The Next Evolution in Voice Technology

January 23, 2021

With natural language processing, voice-to-speech technology becomes a reality, connecting people in an almost conversation-like fashion. But current voice-based computers don’t anticipate the complex subtleties of language.

Though Siri has the ability to recognize speech patterns, her voice itself mimics real human conversation as if it were an impromptu phrase of sentences thrown out to the wind from one person to another. True and useful, this technology could change the way humans communicate, but within a human-computer environment, Siri is still far away from realistic, child-like speech.

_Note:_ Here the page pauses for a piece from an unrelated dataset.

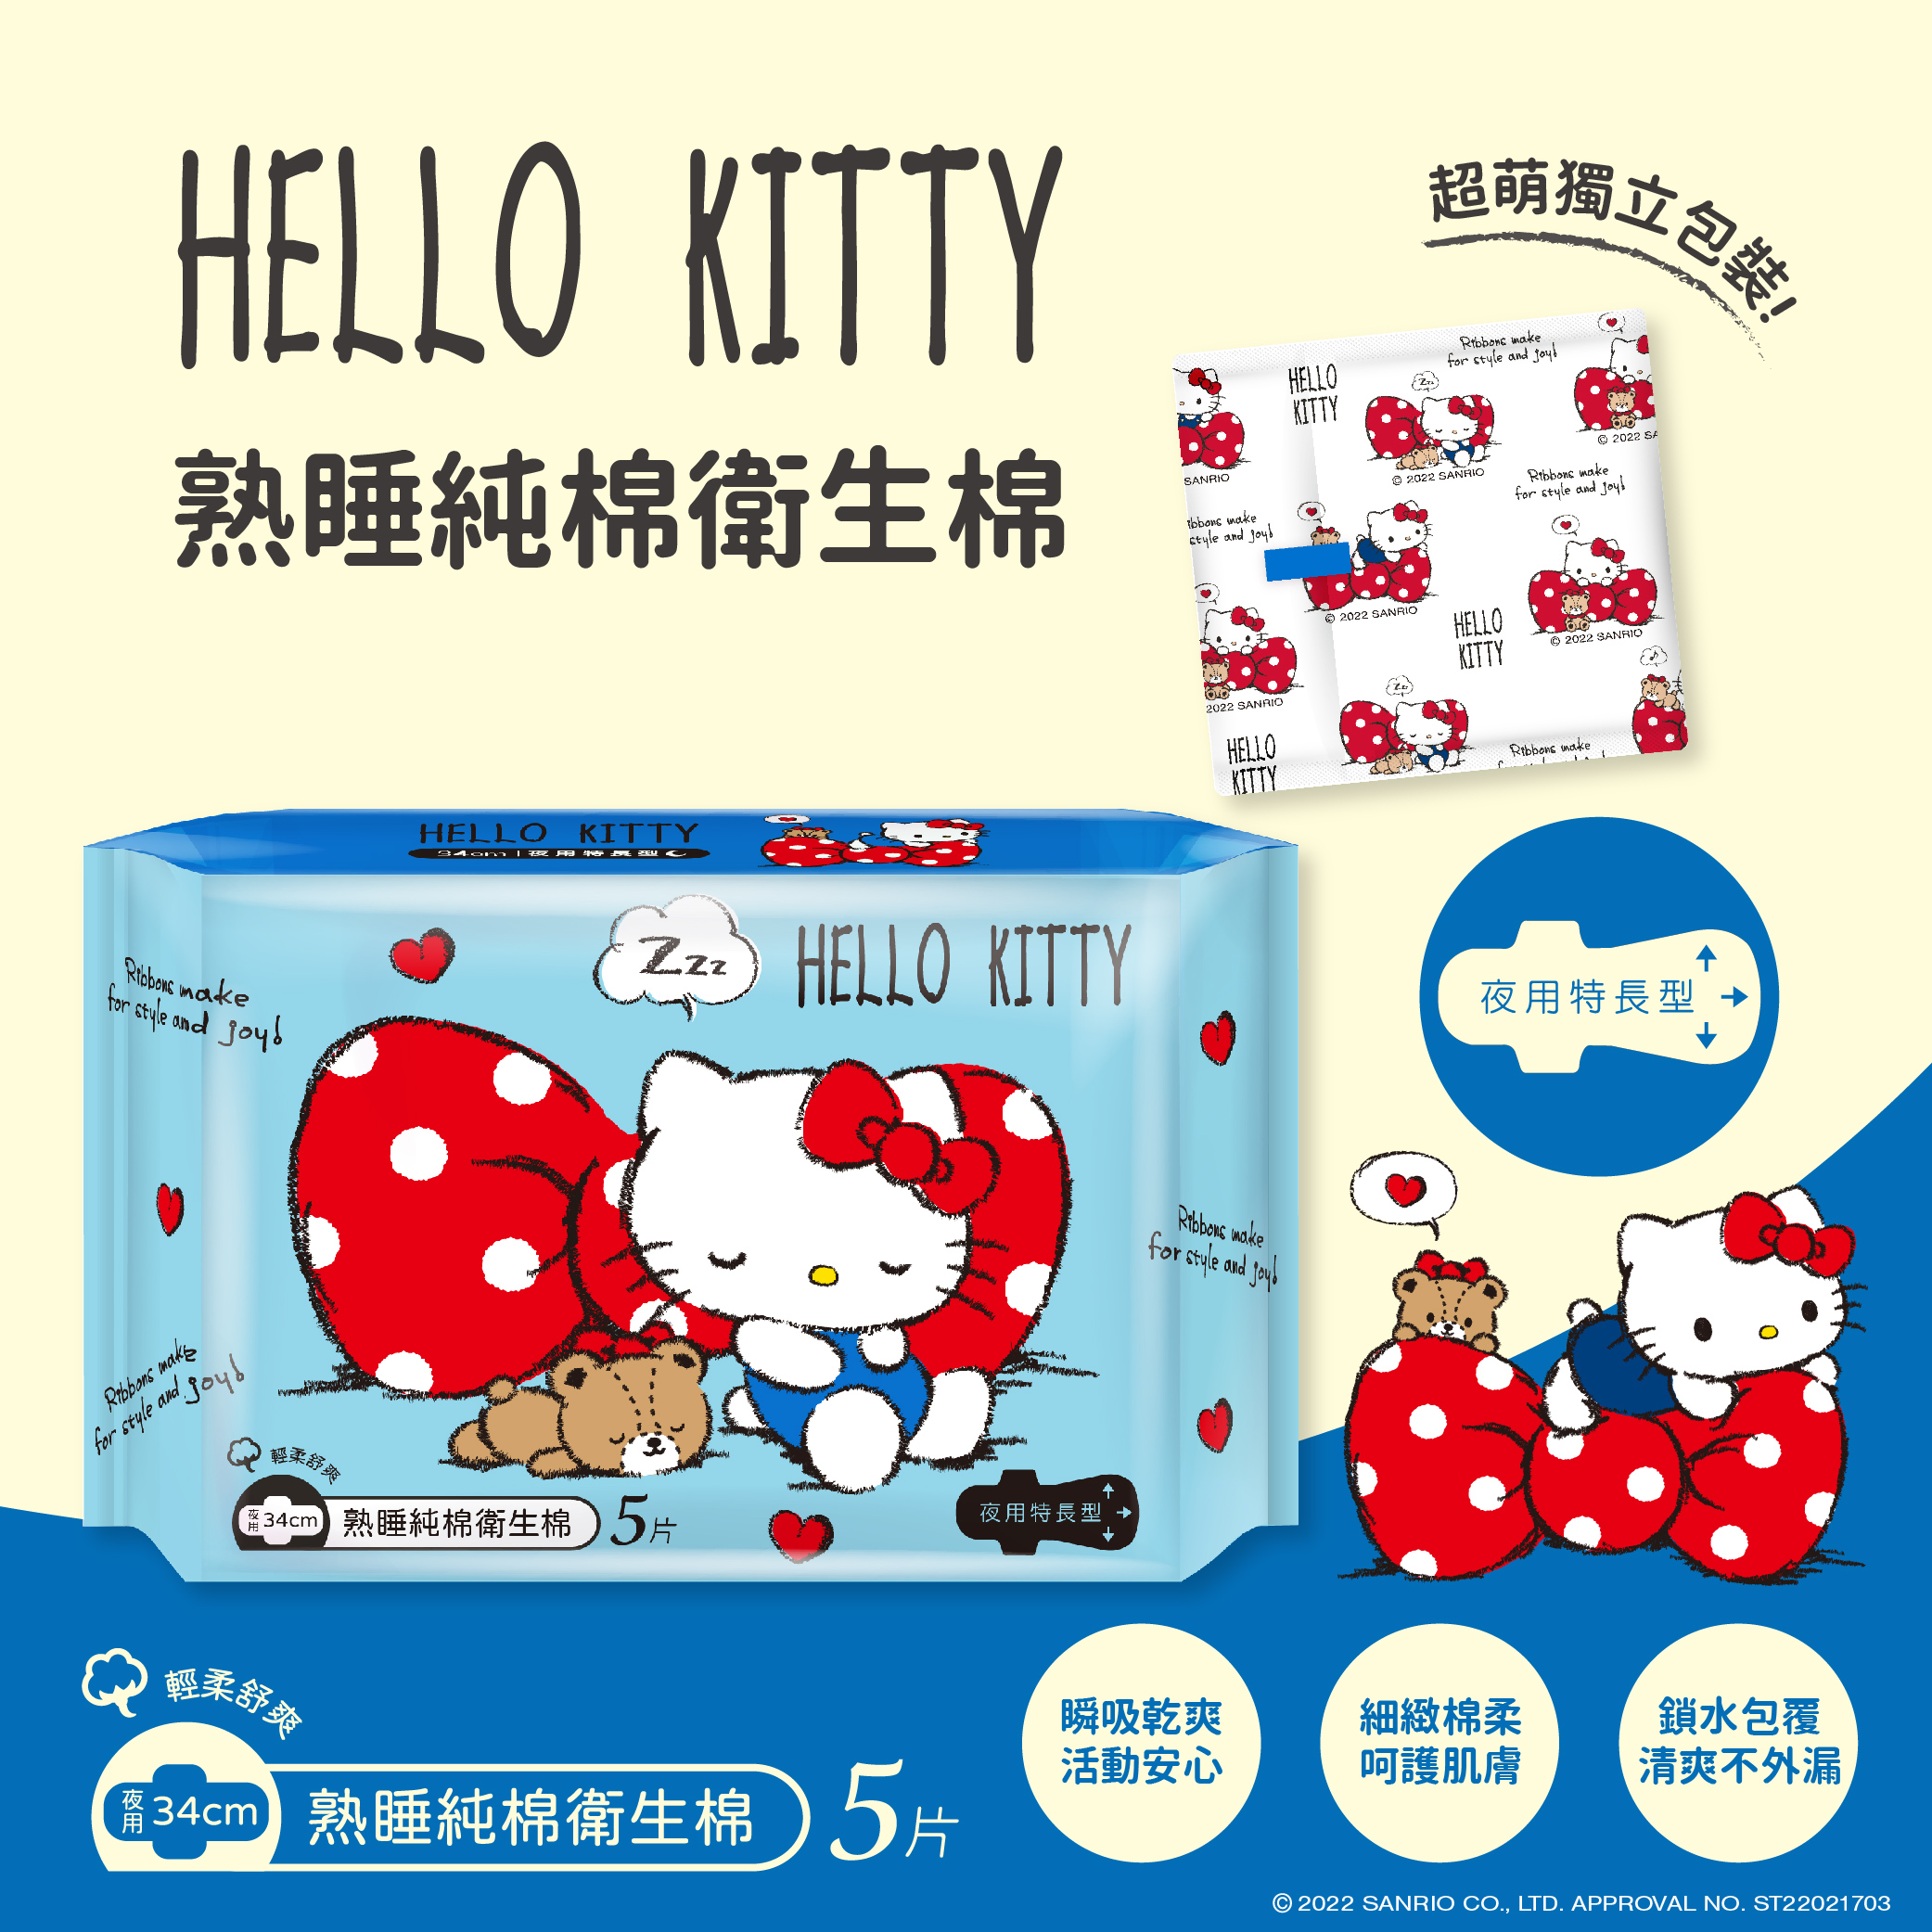 【HELLO KITTY】純棉衛生棉4入收納包組 護墊/日用/夜用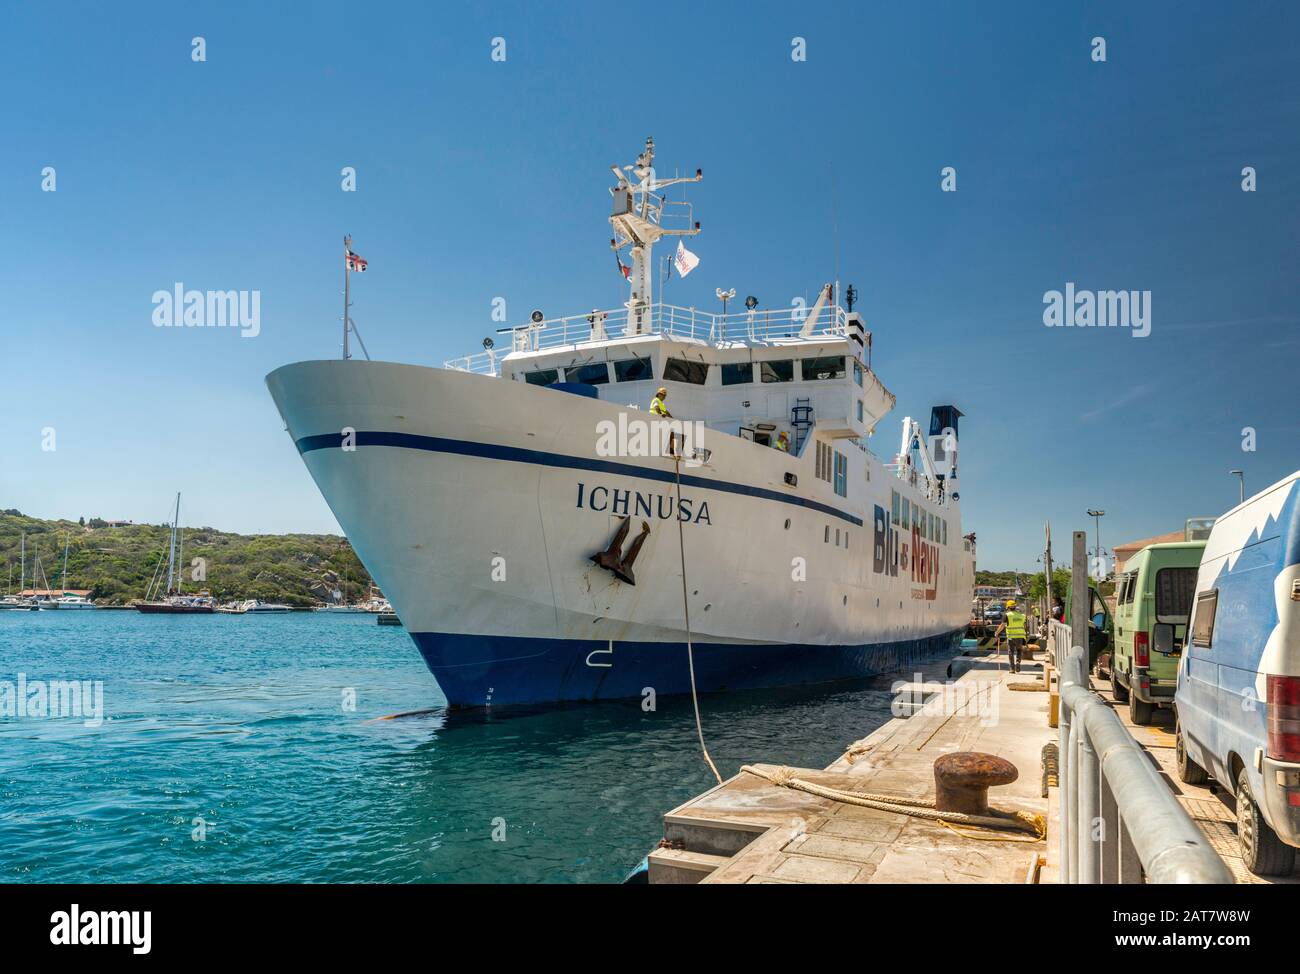 Mme Ichnusa, ferryboat BluNavy, amarrée au terminal des ferries au port de Santa Teresa di Gallura, Sassari, Sardaigne, Italie Banque D'Images

The speech-to-speech technology of the future will follow the principles and predictions of artificial intelligence: it will learn from the existing language, even the complex complexities, and comprehend them and base its own speech on it.

This technology is similar to the human language in its concepts and styles. When person and computer communicate through human-language conversations, we intuitively figure out how to communicate and avoid conflict. In this case, human-language languages are the foundations of the technology. We interpret the human language in our English and other languages, not the other way around. We listen to the communication and identify the correct grammar and vocabulary without having to practice for a long time.

Within the next ten years, with the growing advancement of this kind of technology, it is possible that this kind of communication will be human-like in its meaning and the quality of its communication, with machine-like voice and machine-like grammar.